You are given a string ‘STR’. Your task is to return a prefix among all the prefixes of ‘STR’ that occurs the maximum number of times as a substring in ‘STR’. In case of a tie, return the longest prefix.

For example: 
You are given ‘STR’ = “ababcd”. Then our answer will be “ab”. The prefixes “a” and “ab” occur the maximum number of times, i.e., 2. As the prefix “ab” is longer than “a” so, our answer will be “ab”.
Detailed explanation ( Input/output format, Notes, Images )
Input Format: 
The first line contains an integer 'T' which denotes the number of test cases.

The first line of each test case contains a string denoting the input string.
Output Format: 
For each test case, print the prefix among all the prefixes of ‘STR’ that occurs the maximum number of times as a substring in ‘STR’.
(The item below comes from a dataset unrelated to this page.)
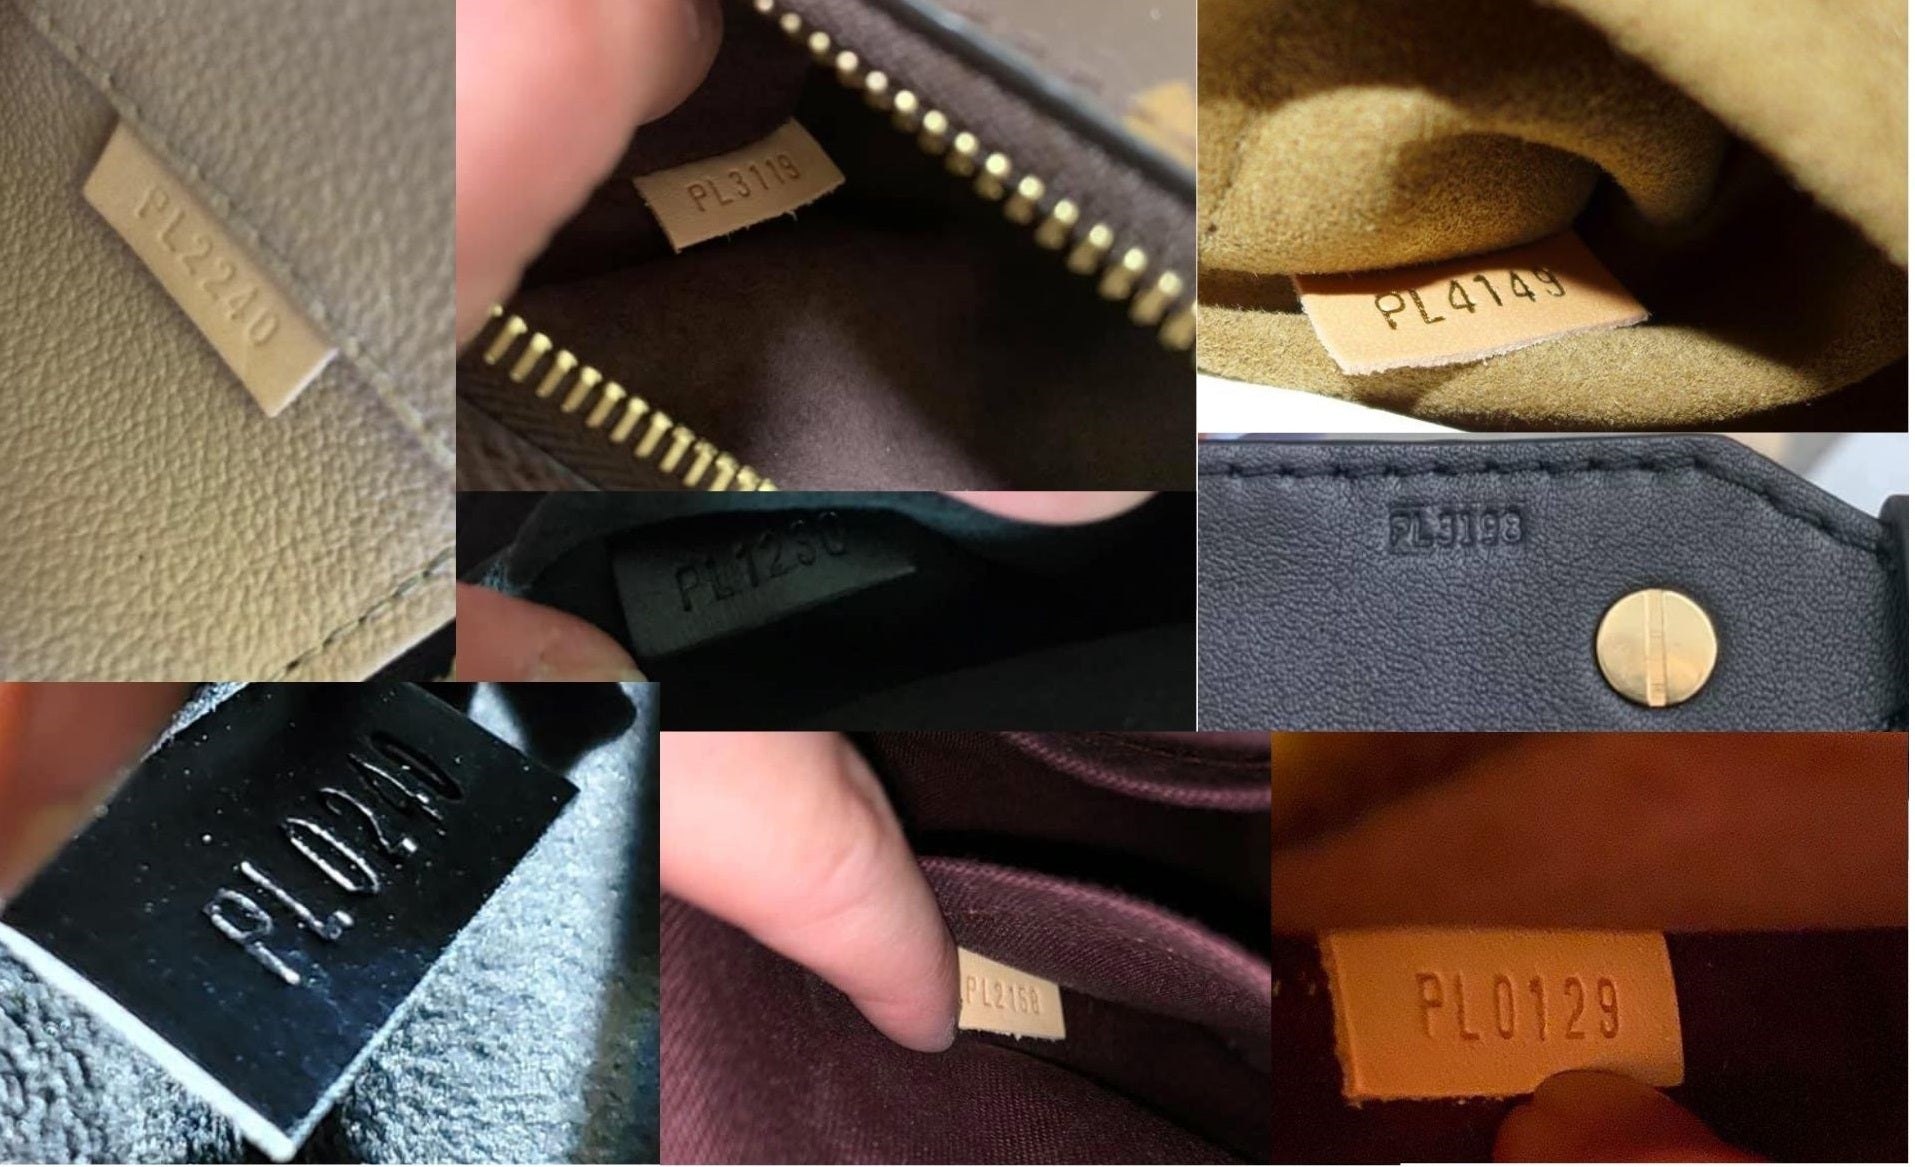 Etiqueta masculina: Louis Vuitton nos enseña cómo elegir el cinturón  perfecto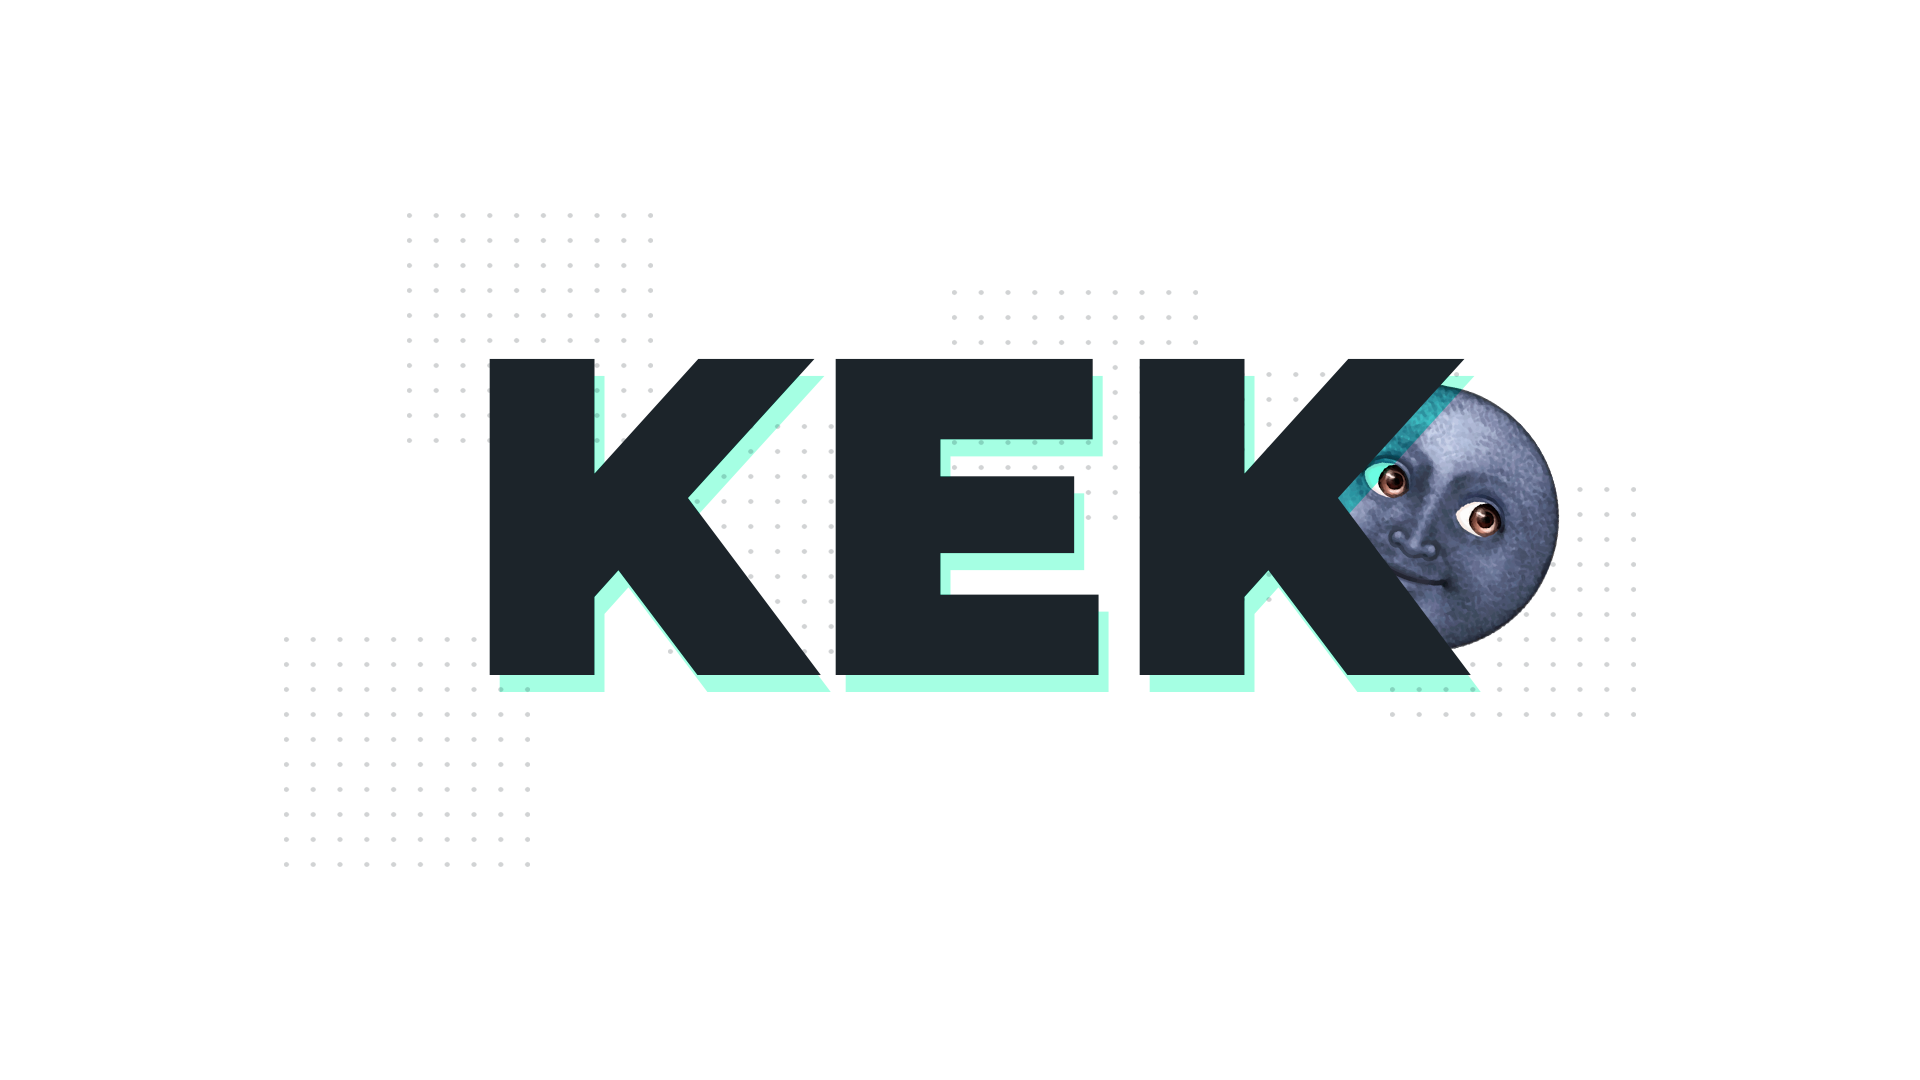 Kek Logo

The output of each test case will be printed in a separate line.
Constraints: 
1 <= T <= 10 
1 <= STR.LENGTH  <= 5000
‘STR’ contains only lowercase English letters.

Time limit: 1 sec
Note: 
You do not need to input or print anything, as it has already been taken care of. Just implement the given function.
Sample Input 1:
2
ababcd
abcdaabcd
Sample Output 1:
ab
a
Explanation:
For the first test case, you are given ‘STR’ = “ababcd”. Then our answer will be “ab”. The prefixes “a” and “ab” occur the maximum number of times, i.e., 2. As the prefix “ab” is longer than “a” so, our answer will be “ab”.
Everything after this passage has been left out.